*Provided data*.
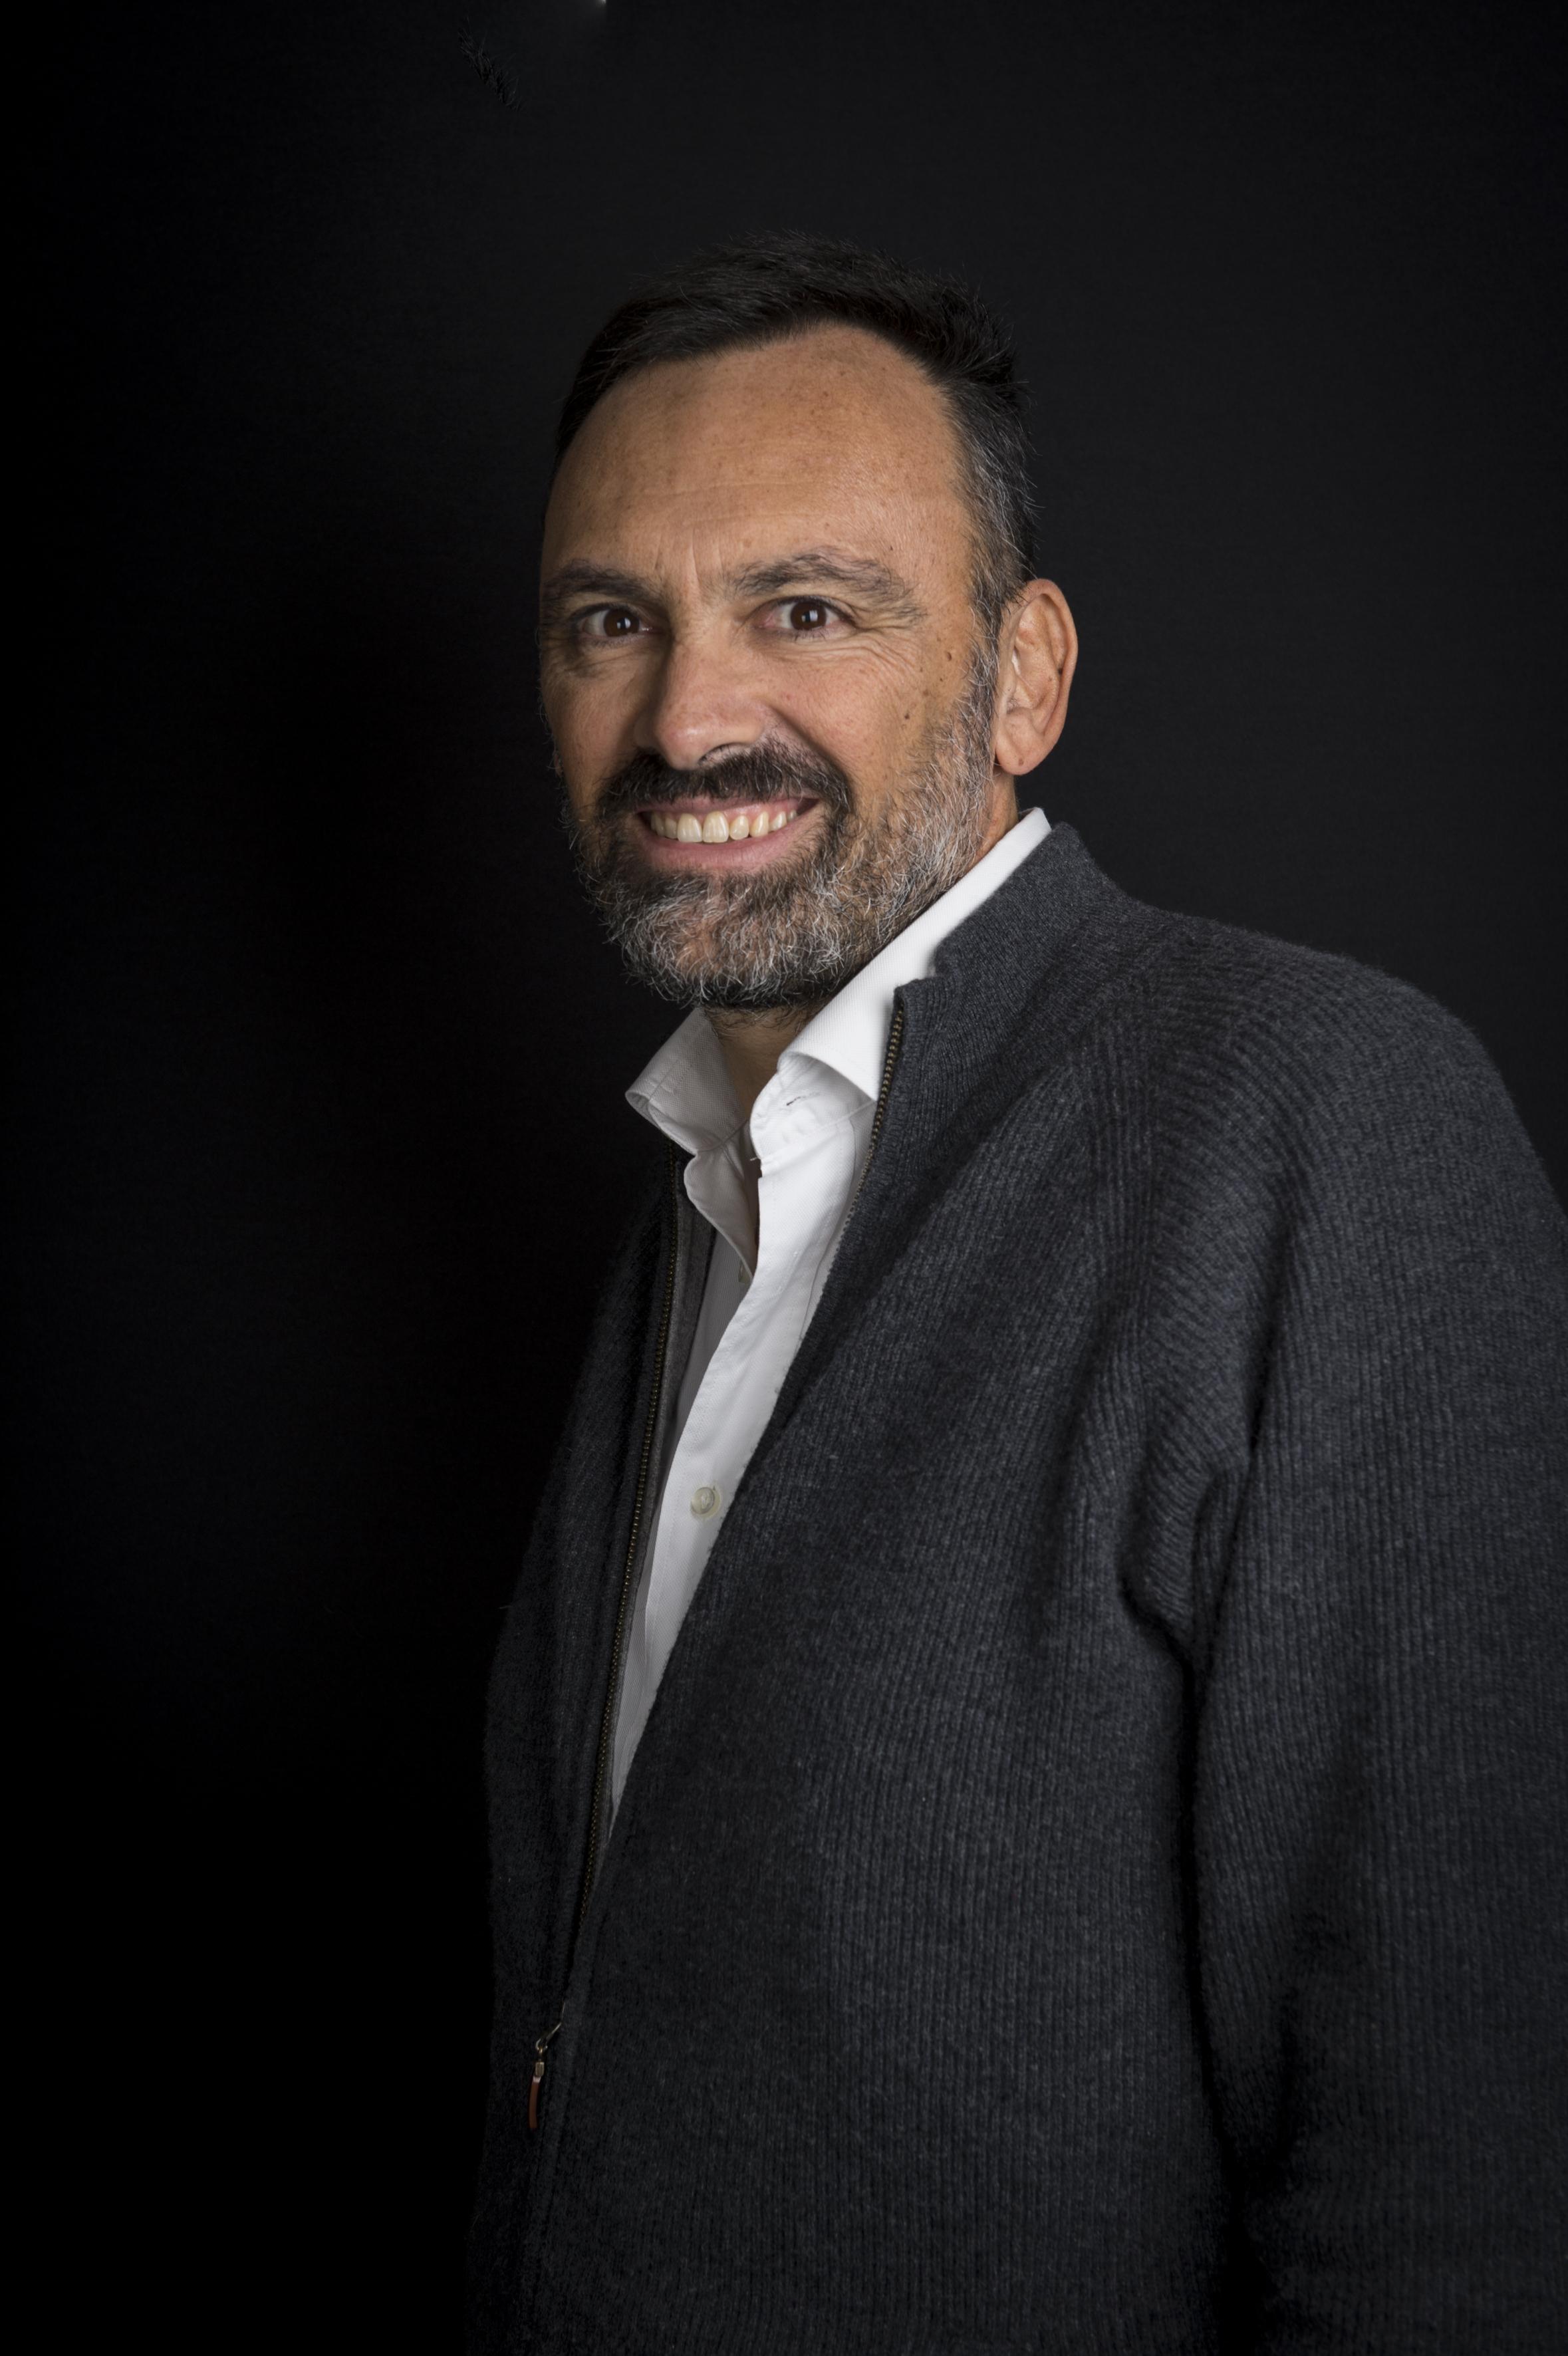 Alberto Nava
* * *
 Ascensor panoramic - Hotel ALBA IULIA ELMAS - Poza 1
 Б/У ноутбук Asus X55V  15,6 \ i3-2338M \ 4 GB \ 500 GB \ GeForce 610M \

*Problem details*.
Repeat, exactly as they stand above, the lines from the line with "Ascensor panoramic - Hotel" to the line with "Б/У ноутбук Asus", both lines included.

*Completed task*.
 Ascensor panoramic - Hotel ALBA IULIA ELMAS - Poza 1
 Б/У ноутбук Asus X55V  15,6 \ i3-2338M \ 4 GB \ 500 GB \ GeForce 610M \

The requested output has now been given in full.